• Your goal: Skip every picture, and copy exactly the lines from the one containing "Bopp self adhesive" to the end of the data.

• Supplied material:
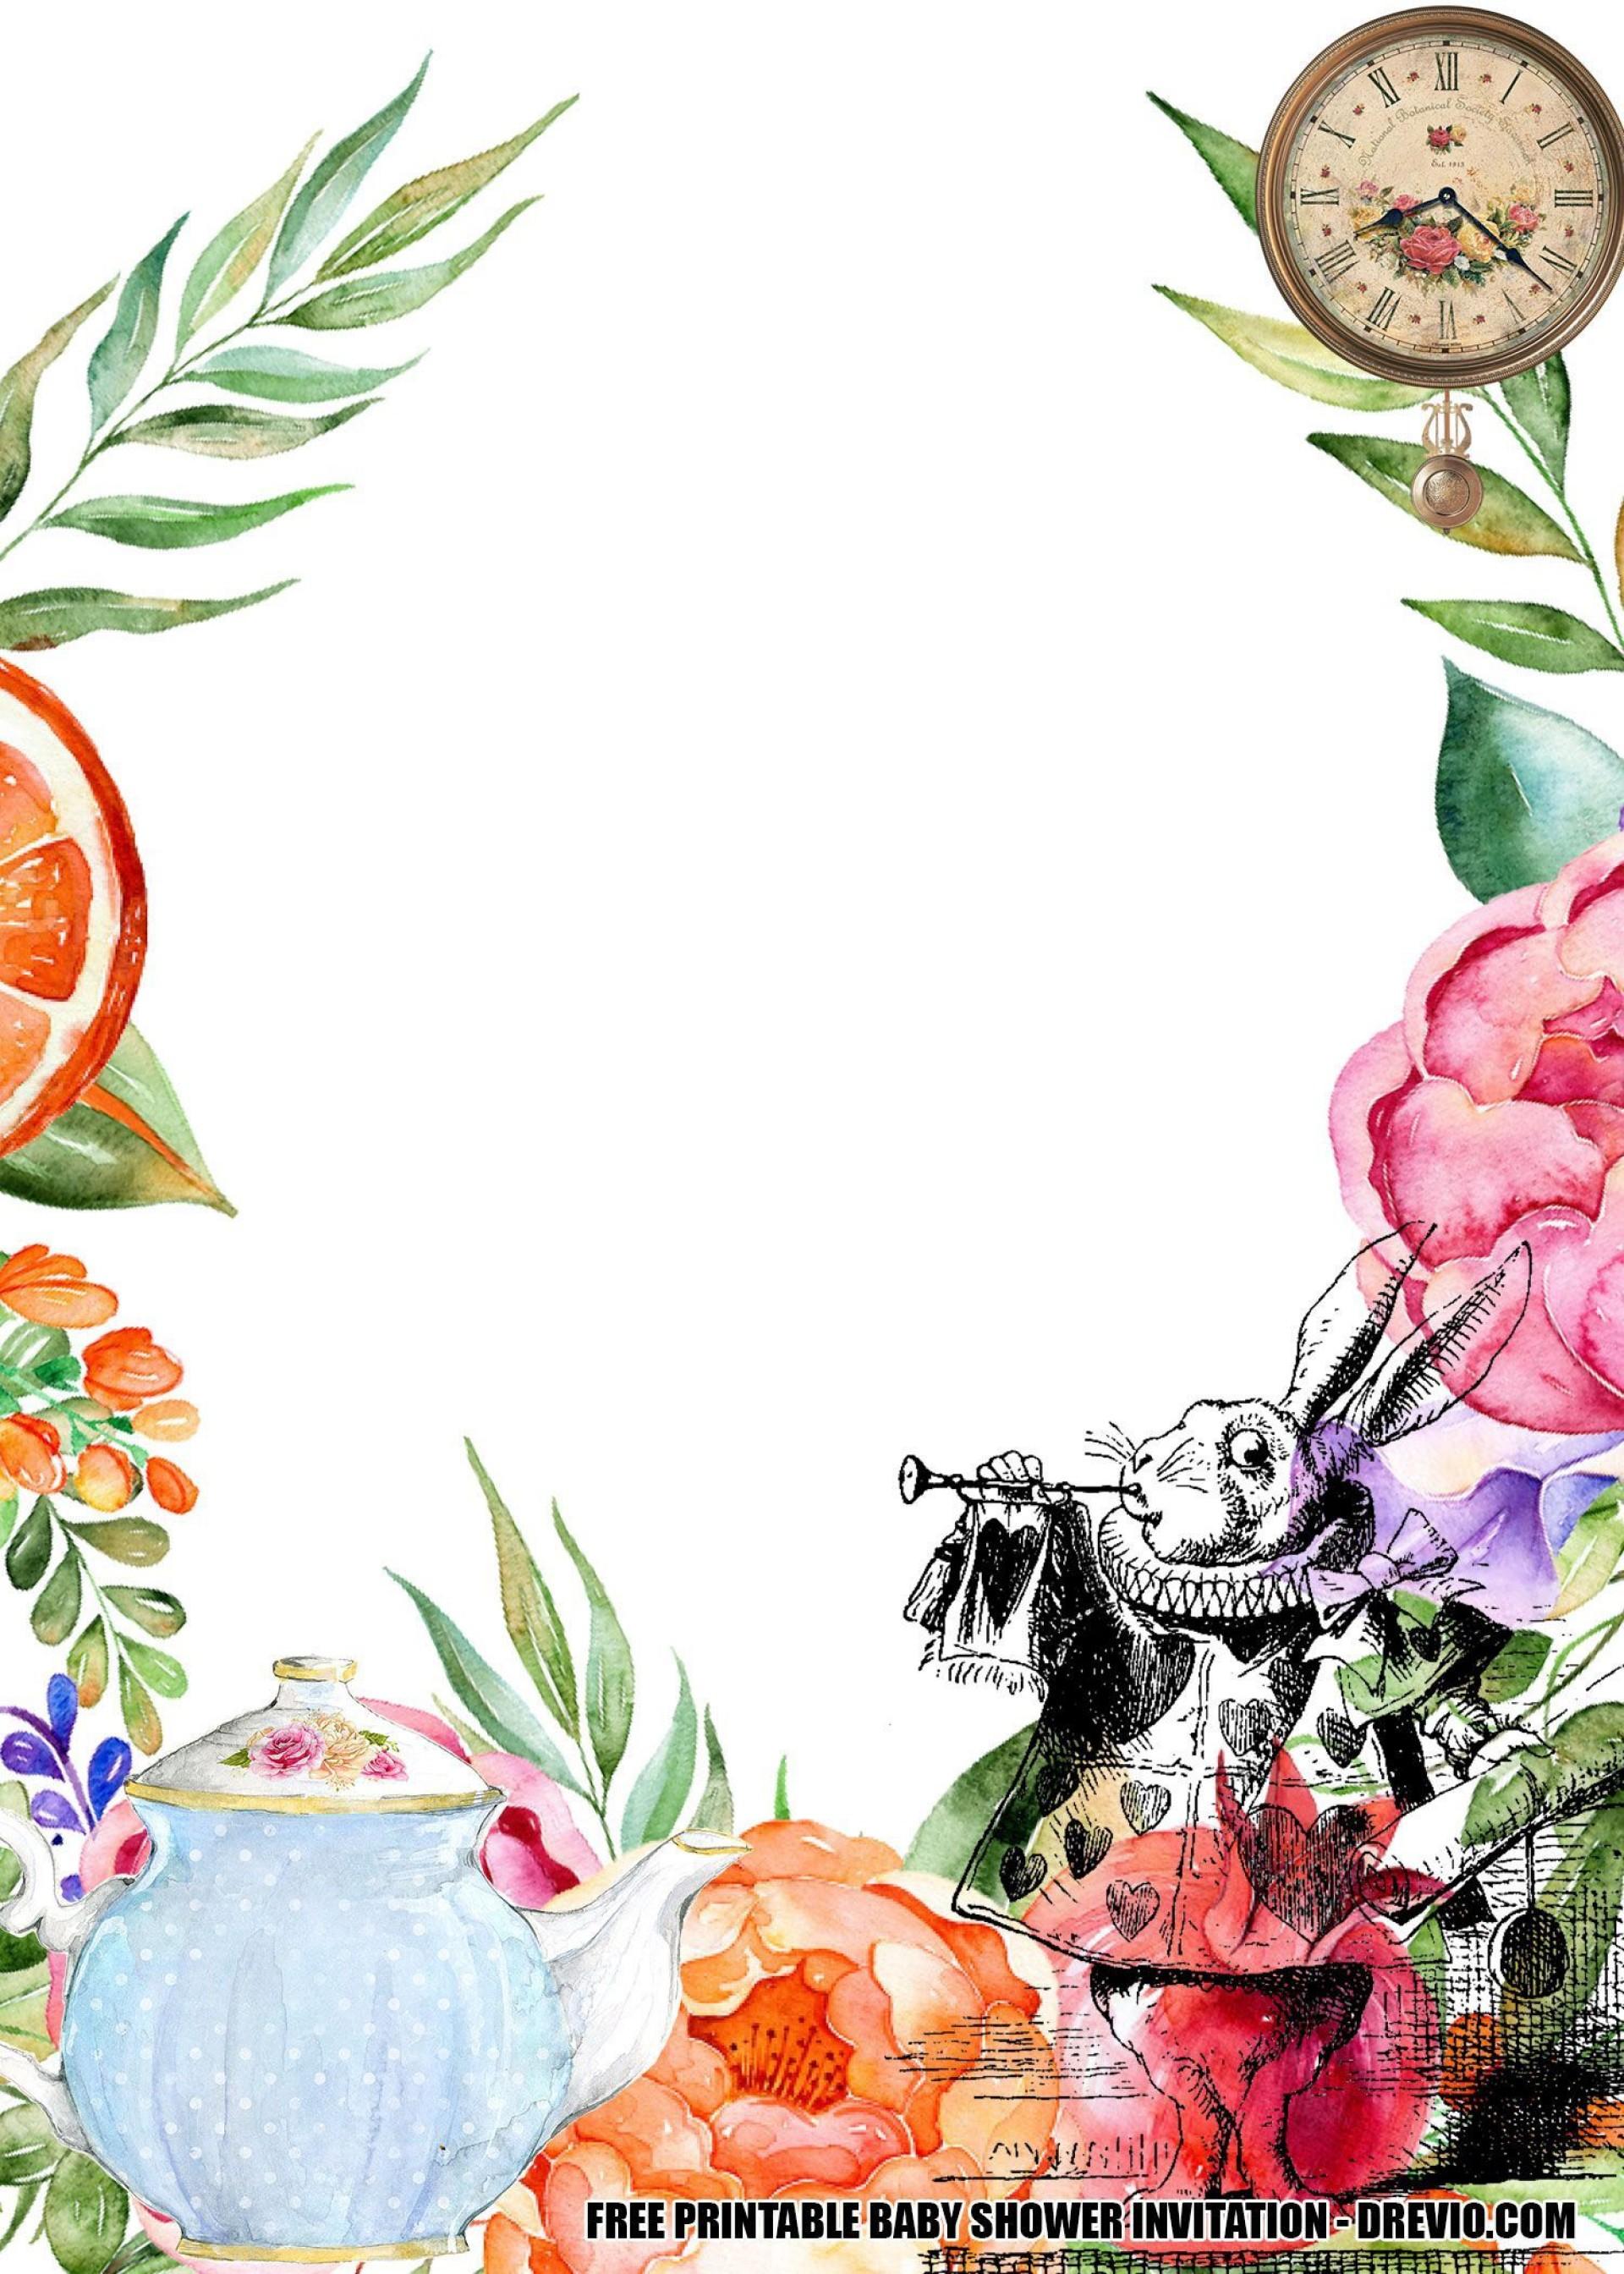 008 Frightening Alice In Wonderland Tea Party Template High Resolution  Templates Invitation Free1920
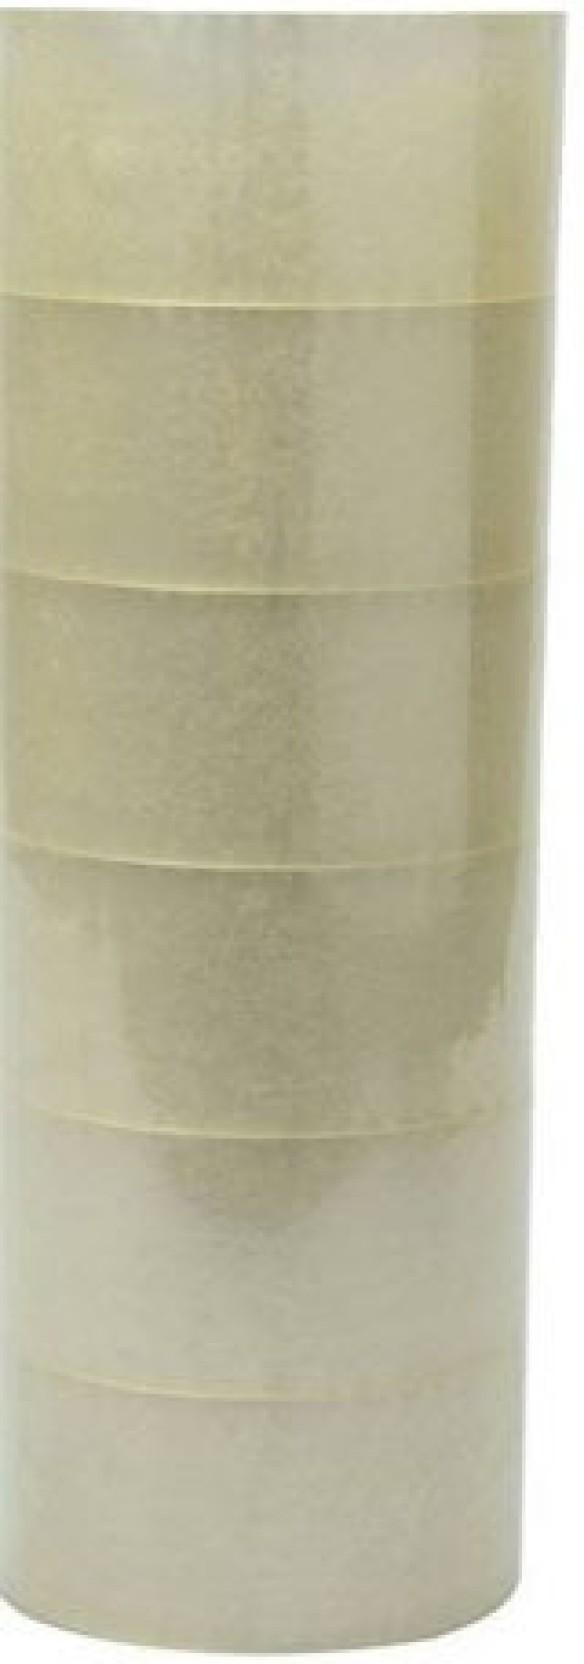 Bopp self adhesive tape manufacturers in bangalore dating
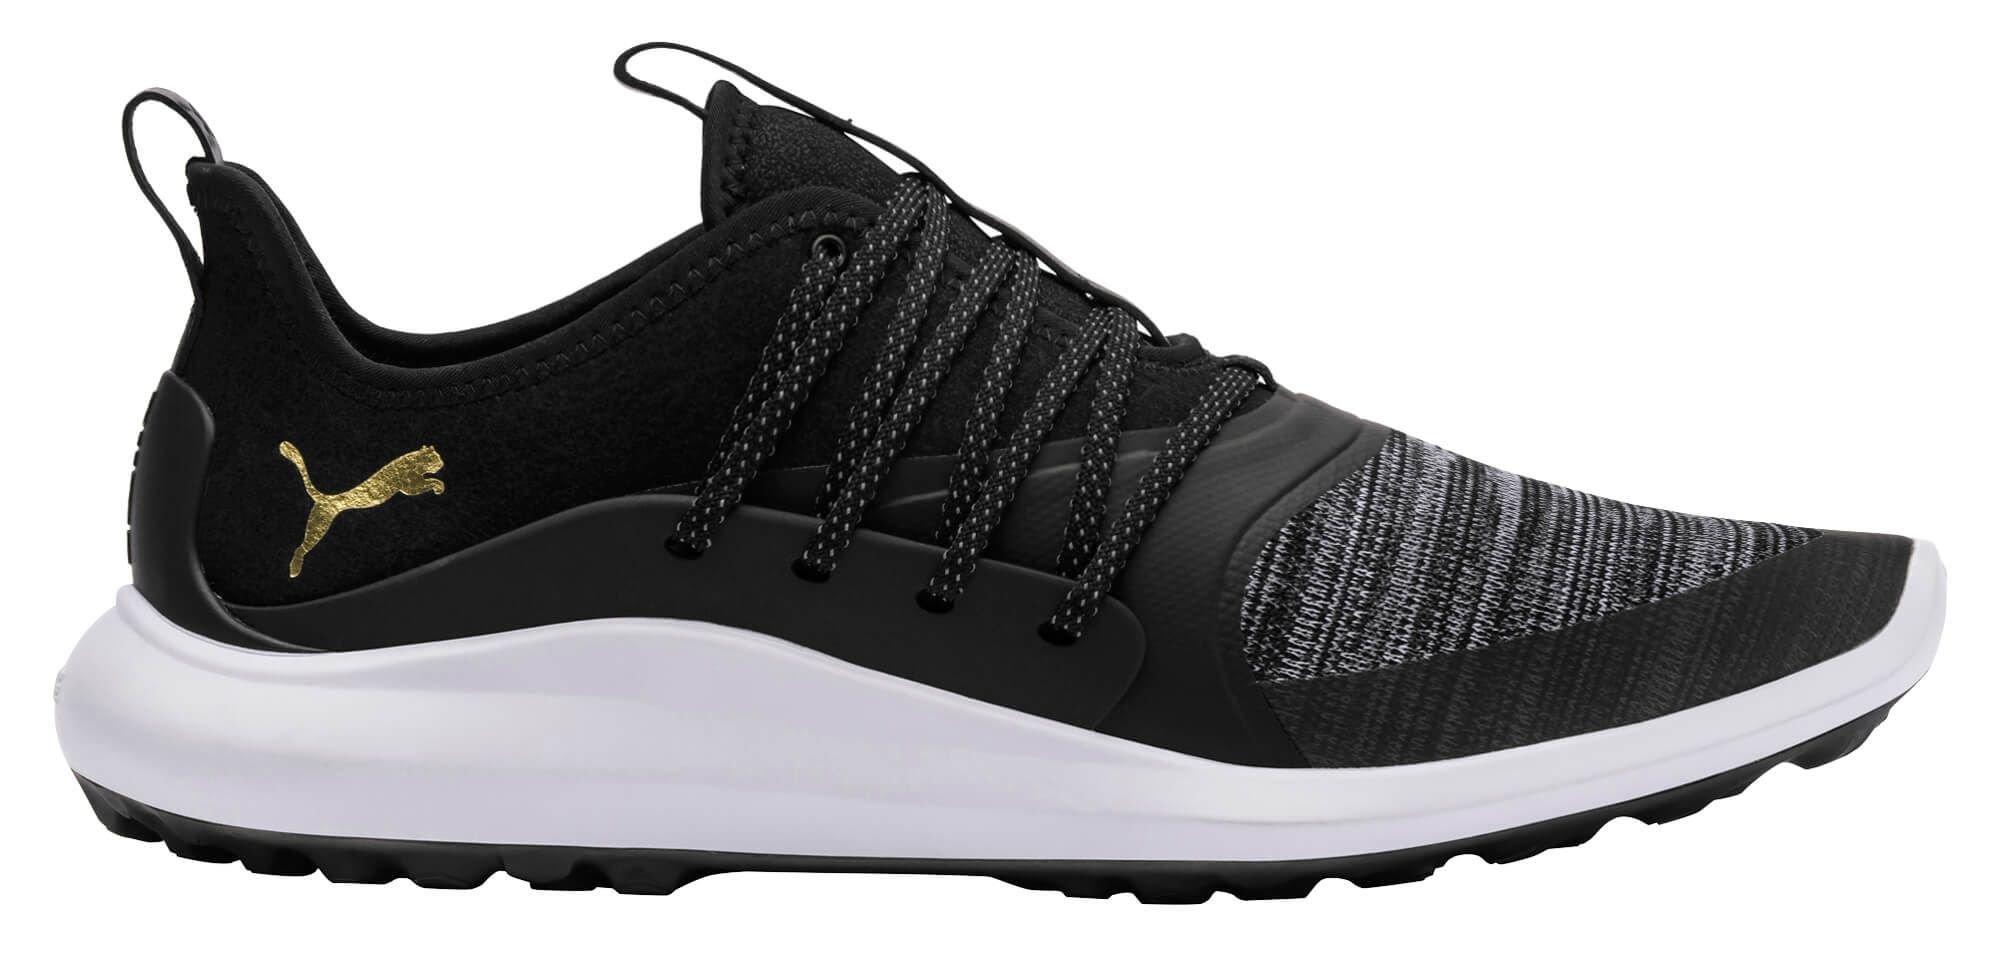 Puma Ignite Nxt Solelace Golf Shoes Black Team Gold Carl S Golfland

• Result of this exercise:
 Bopp self adhesive tape manufacturers in bangalore dating
 Puma Ignite Nxt Solelace Golf Shoes Black Team Gold Carl S Golfland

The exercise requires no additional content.